### Provided records
↓
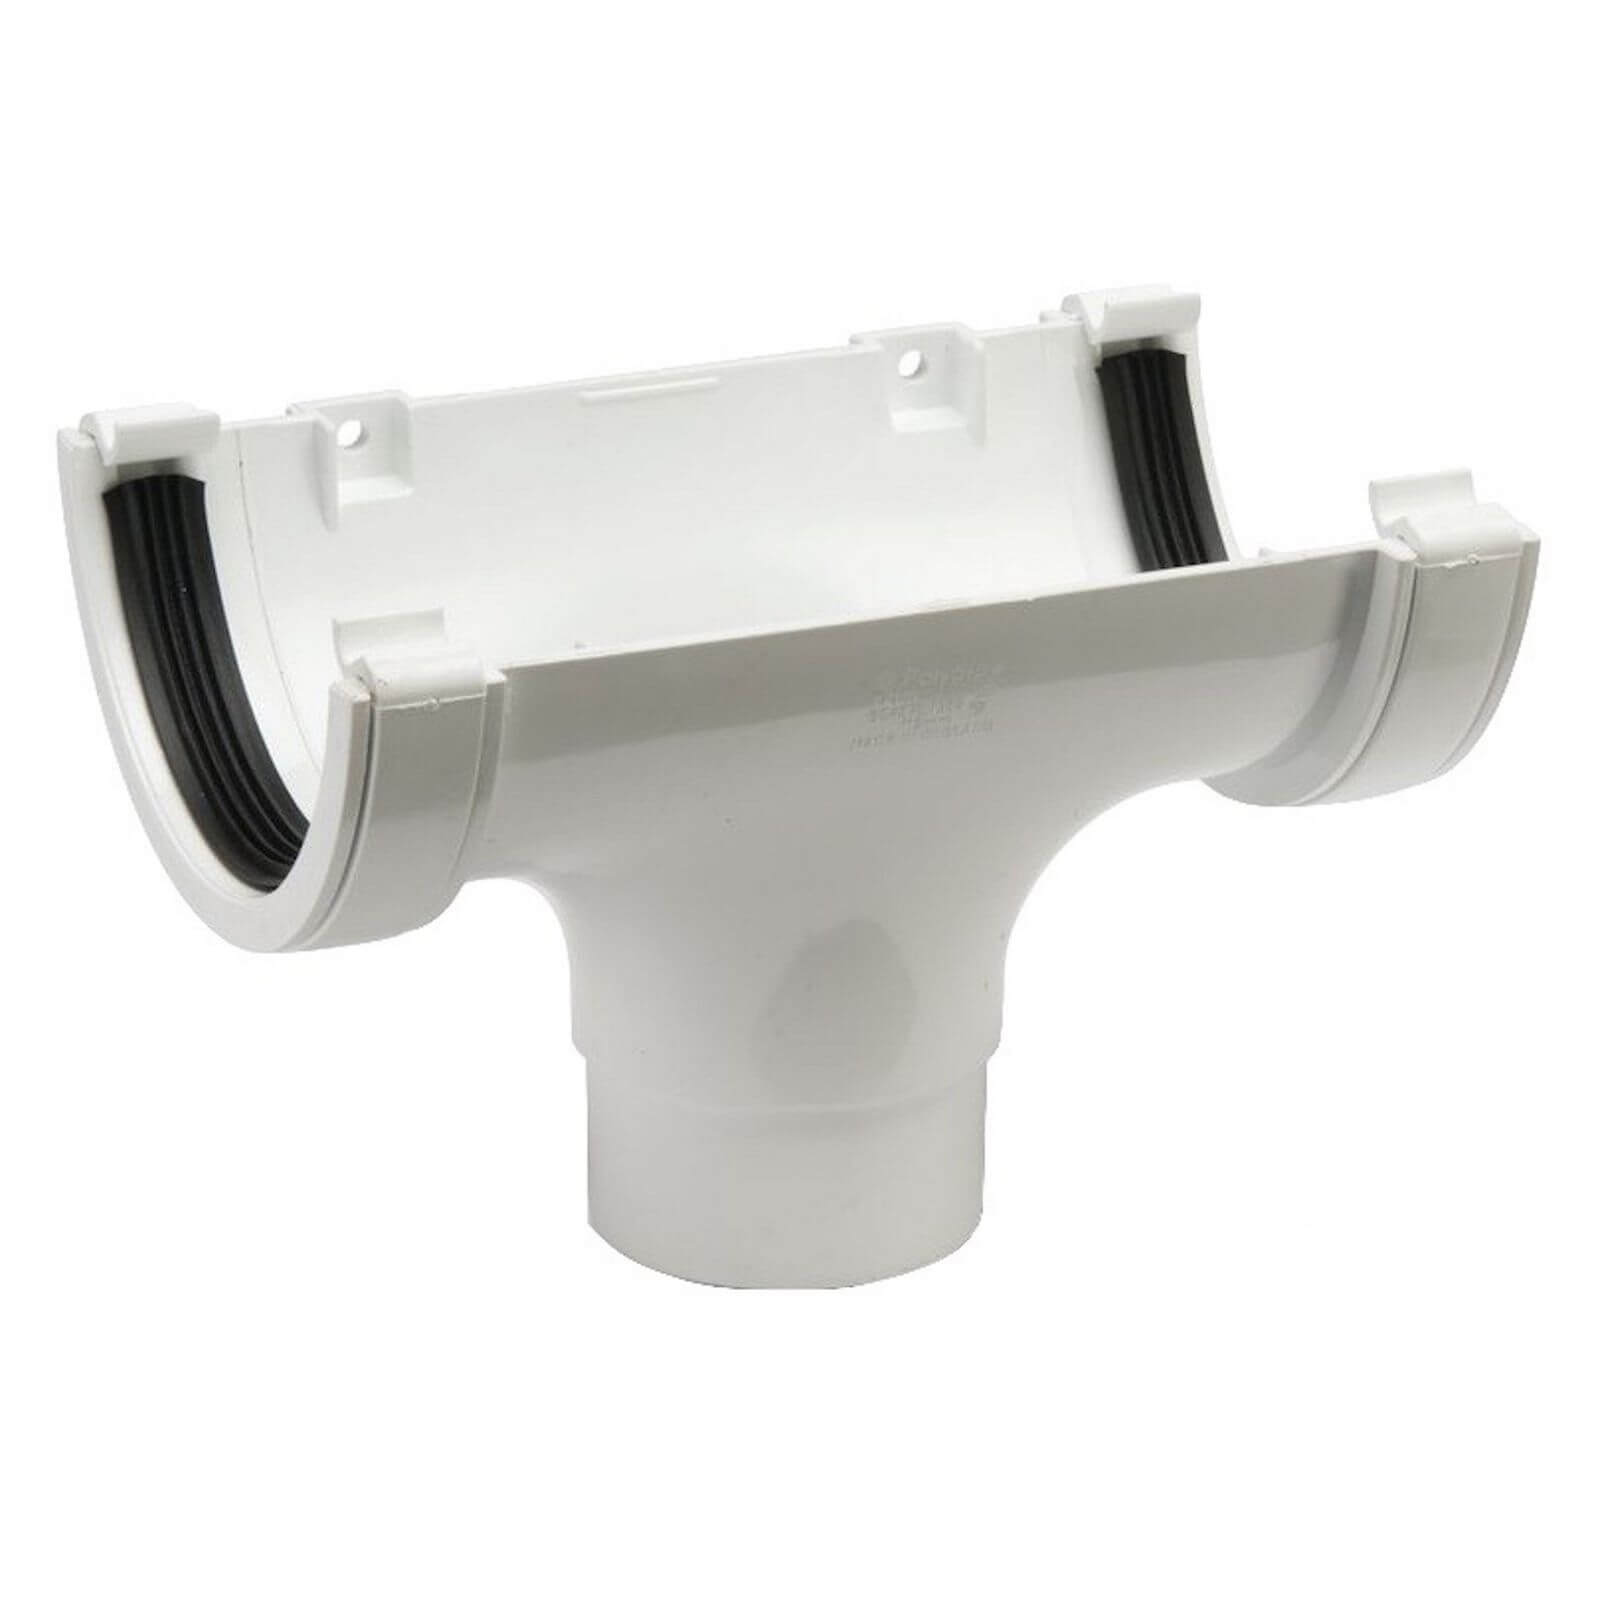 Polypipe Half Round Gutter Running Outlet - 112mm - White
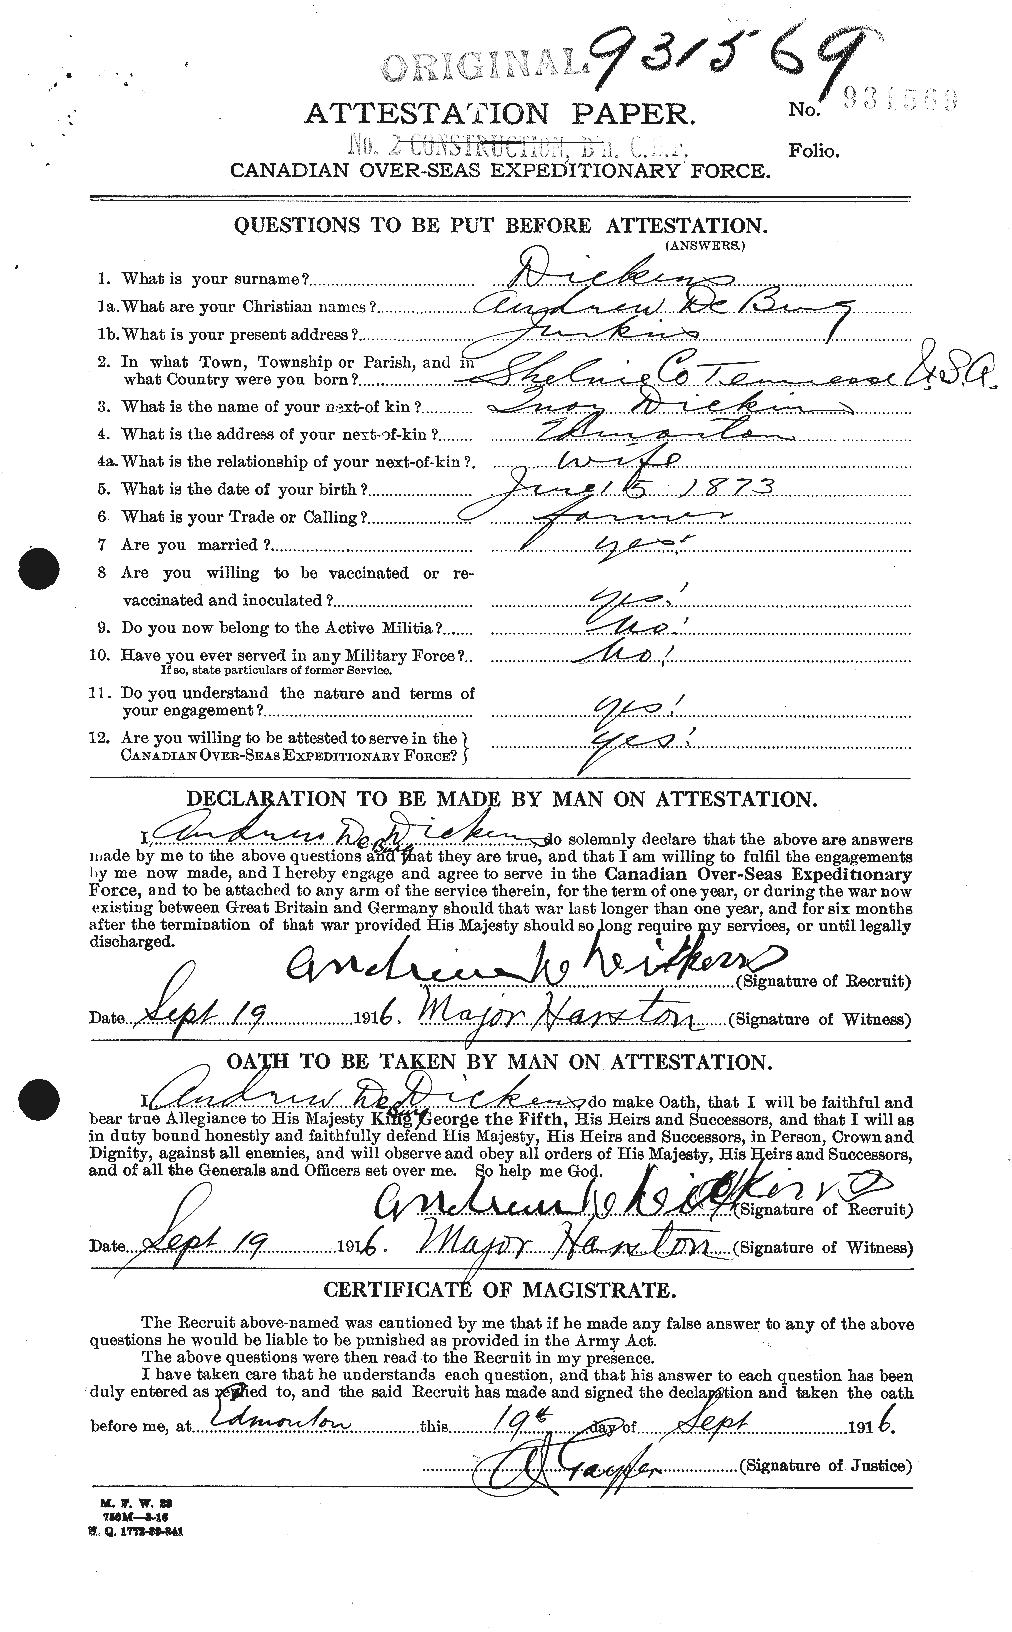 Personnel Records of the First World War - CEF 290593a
↑
↓
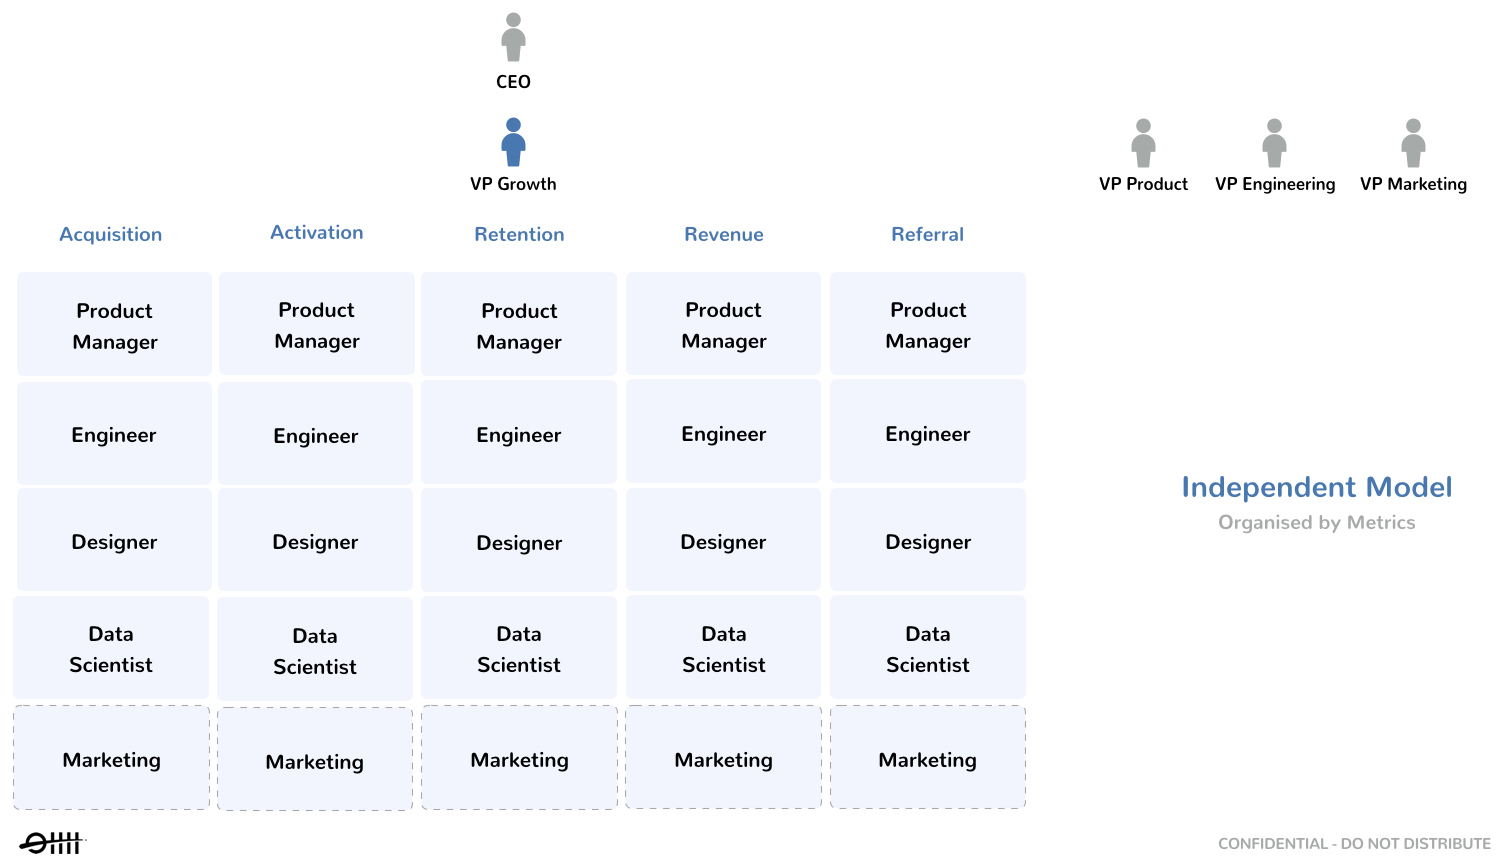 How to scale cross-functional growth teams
↑
↓
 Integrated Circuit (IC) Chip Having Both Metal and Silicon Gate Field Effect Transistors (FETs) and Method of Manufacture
↑
### Problem statement
Within the listing above, copy exactly the lines that start at the one with "Polypipe Half Round" and continue through the one with "Personnel Records of". Omit pictures.

### Your response
 Polypipe Half Round Gutter Running Outlet - 112mm - White
 Personnel Records of the First World War - CEF 290593a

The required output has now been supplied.